Scrutinizer · January 26, 2017, 8:52am

Hi, try using a regular expression instead..:

sed 's/\(-[^-]*-[^-]*\)-/\1 /g' file

or:

perl -pe 's/(-.*?-.*?)-/$1 /g' file

or since it is a date and it is always two character between the dashes this may suffice:

sed 's/\(-..-..\)-/\1 /g' file

or:

perl -pe 's/(-..-..)-/$1 /g' file

or:

perl -pe 's/(?<=-..-..)-/ /g' file

RudiC · January 26, 2017, 9:16am

To allow for the correction of field 2, try

sed  's/\(-[^-]*-[^-]*\)-/\1 /g; s/^\([^,]*,[0-9]\{4\}\)\([0-9]\{2\}\)\([0-9]\{2\}\)/\1-\2-\3/' file
"1912108",2016-11-30,"2016-12-01 00.00.00.000000","2016-12-01 08.37.12.000000"
"1912108",2016-12-01,"2016-12-02 00.00.00.000000","2016-12-02 08.28.22.000000"

KrishnaVM · January 26, 2017, 10:59am

It worked. Thanks a lot.

$sed  's/\(-[^-]*-[^-]*\)-/\1 /g; s/^\([^,]*,[0-9]\{4\}\)\([0-9]\{2\}\)\([0-9]\{2\}\)/\1-\2-\3/' test1
"1912108",2016-11-30,"2016-12-01 00.00.00.000000","2016-12-01 08.37.12.000000"
"1912108",2016-12-01,"2016-12-02 00.00.00.000000","2016-12-02 08.28.22.000000"
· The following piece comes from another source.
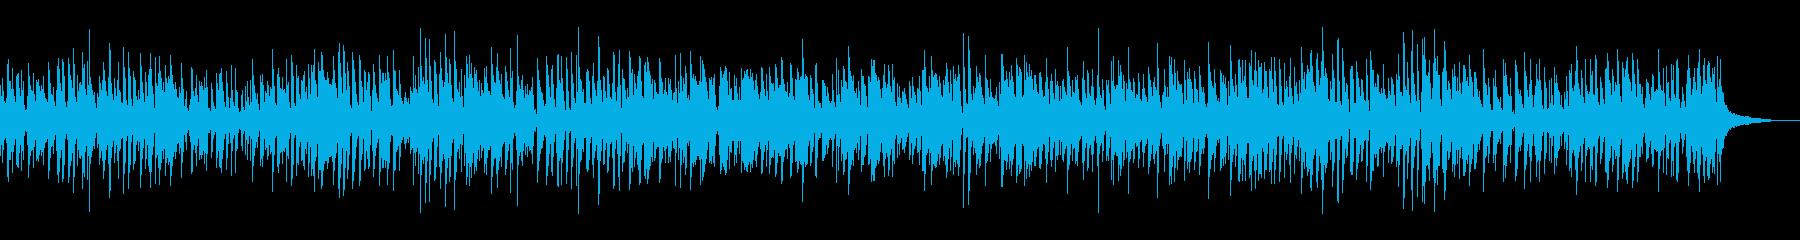 ほのぼのおしゃれピアノジャズ料理カフェ系の再生済みの波形

---------- Post updated at 10:59 AM ---------- Previous update was at 09:22 AM ----------

This worked well with timestamp columns (3 and 4).
In my flat file, even though I have them numbered as 64 and 65 th columns.

I am trying to tweak this logic to make it work (without success) - with other flat file that has the date column (field 2) as a field 3:-

"1080909","ABC",20161031,"2016-09-02-00.00.00.000000","2016-09-02-08.30.05.000000"
"1080091","XYZ",20160830,"2016-11-02-00.00.00.000000","2016-11-02-08.27.48.000000"

I am very new to AWK and SED. Can you please help.

RudiC · January 26, 2017, 11:14am

That's becoming nasty, see:

sed  -r 's/^(([^,]*,){2})([0-9]{4})([0-9]{2})([0-9]{2})/\1\3-\4-\5/; s/(-..-..)-/\1 /g' file
"1080909","ABC",2016-10-31,"2016-09-02 00.00.00.000000","2016-09-02 08.30.05.000000"
"1080091","XYZ",2016-08-30,"2016-11-02 00.00.00.000000","2016-11-02 08.27.48.000000

KrishnaVM · January 26, 2017, 11:21am

That works.
Thanks a Ton.

--
Apologies for missing to use code tags.